2
votes

We are developing project which is to process our log data. The idea is

  • update log data from local logstash to Google Cloud Storage
  • write python script to insert job to import log data from Google Cloud Storage into Google BigQuery
  • write python script to process data in BigQuery itself

Note. for python script, we are thinking whether running on google app engine or google compute engine.

The questions are

  • Is this practical solution?
  • Structure of log data changes quite often this will cause an error when insert to BigQuery.How we going to handle it in python script?
  • Incase, we have to rerun log data in particular period. How we can do that?need to write python script?

Thanks

2

2 Answers

2
votes

There is the streaming data solution that someone has already mentioned, but if you're trying to move a large block of logs data rather than set up a continuous stream, you may want to take the route of using asynchronous load jobs instead.

The GCS library acts like most python file libraries when used in Google App Engine, and can store files for import in cloud storage buckets:

import cloudstorage as gcs

filePath = "/CloudStorageBucket/dir/dir/logs.json"
with gcs.open(filePath, "w") as f:
    f.write(SomeLogData)
    f.close()

You can instruct Big Query to load a list of CSV or newline-delimited JSON files in Cloud Storage, by creating load jobs via the API: (Note: you will need to use oauth 2)

from apiclient.discovery import build

service = build("bigquery", "v2", http = oAuthedHttp)

job = {
    "configuration": {
      "load": {
        "sourceUris": ["gs://CloudStorageBucket/dir/dir/logs.json"],
        "schema": {
            "files" : [
              {"name": "Column1",
               "type": "STRING"},
              ...
              ]
        },
        "destinationTable": {
          "projectId": "Example-BigQuery-ProjectId",
          "datasetId": "LogsDataset",
          "tableId": "LogsTable"
        },
        "sourceFormat" : "NEWLINE_DELIMITED_JSON"
        "createDisposition": "CREATE_IF_NEEDED"
      }   
    }
  }

response = service.jobs().insert(
        projectId = "Example-BigQuery-ProjectId",
        body = job
        ).execute()

You can read more about how to create Big Query load jobs if you want to set other properties like write disposition or skipping rows in a CSV file. You can also see other good examples of how to load data, including command line prompts.

Edit:

To answer your more specific questions:

Is this practical solution?

Yes. We export our Google App Engine logs to Cloud Storage and Import to BigQuery, using deferred tasks. Some have used map reduce jobs, but this can be overkill if you don't need to shuffle or reduce.

Structure of log data changes quite often this will cause an error when insert to BigQuery.How we going to handle it in python script?

It shouldn't be an issue unless you're parsing the messages before they reach big query. A better design would be to port the messages, timestamps, levels etc. to Big Query and then digest it with queries there.

Incase, we have to rerun log data in particular period. How we can do that? need to write python script?
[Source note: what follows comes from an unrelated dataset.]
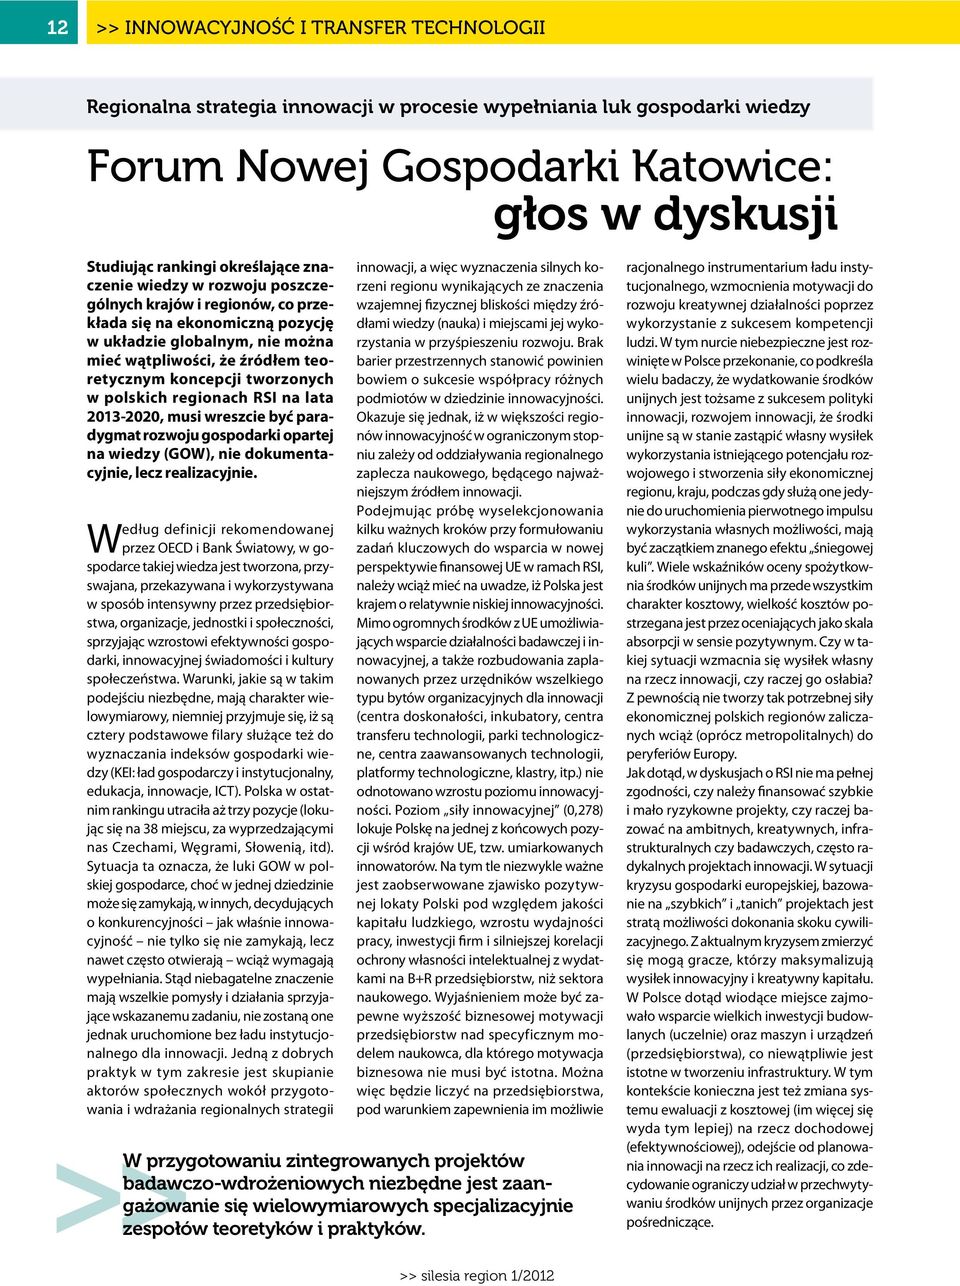 polskich regionach RSI na lata 2013-2020, musi wreszcie być paradygmat rozwoju gospodarki opartej na wiedzy (GOW), nie dokumentacyjnie, lecz realizacyjnie.

Streaming the data won't give you backups unless you set them up yourself in BigQuery. Using the method I outlined above will automatically give you back ups in Google Cloud Storage, which is preferred.

Know that BigQuery is an OLAP database, not transactional, so it's typically best to rebuild tables each time you add more log data, rather than try to insert new data. It's counter-intuitive, but BigQuery is designed for this, as it can import 10,000 files / 1TB at a time. Using pagination with job write disposition, you can in theory import hundreds of thousands of records fairly quickly. Streaming the data would be ideal if you don't care about having backup logs.

3
votes

There is a new API for streaming data directly into BigQuery which may be a better match for your use case.

Instead of using a job to load data into BigQuery, you can choose to stream your data into BigQuery one record at a time by using the tabledata().insertAll() method. This approach enables querying data without the delay of running a load job. There are several important trade-offs to consider before choosing an approach.

If the structure of your data changes, you could have BigQuery run over its tables and update accordingly. Streaming the raw data will give you most flexibility but at the higher cost of having to post-process the data again.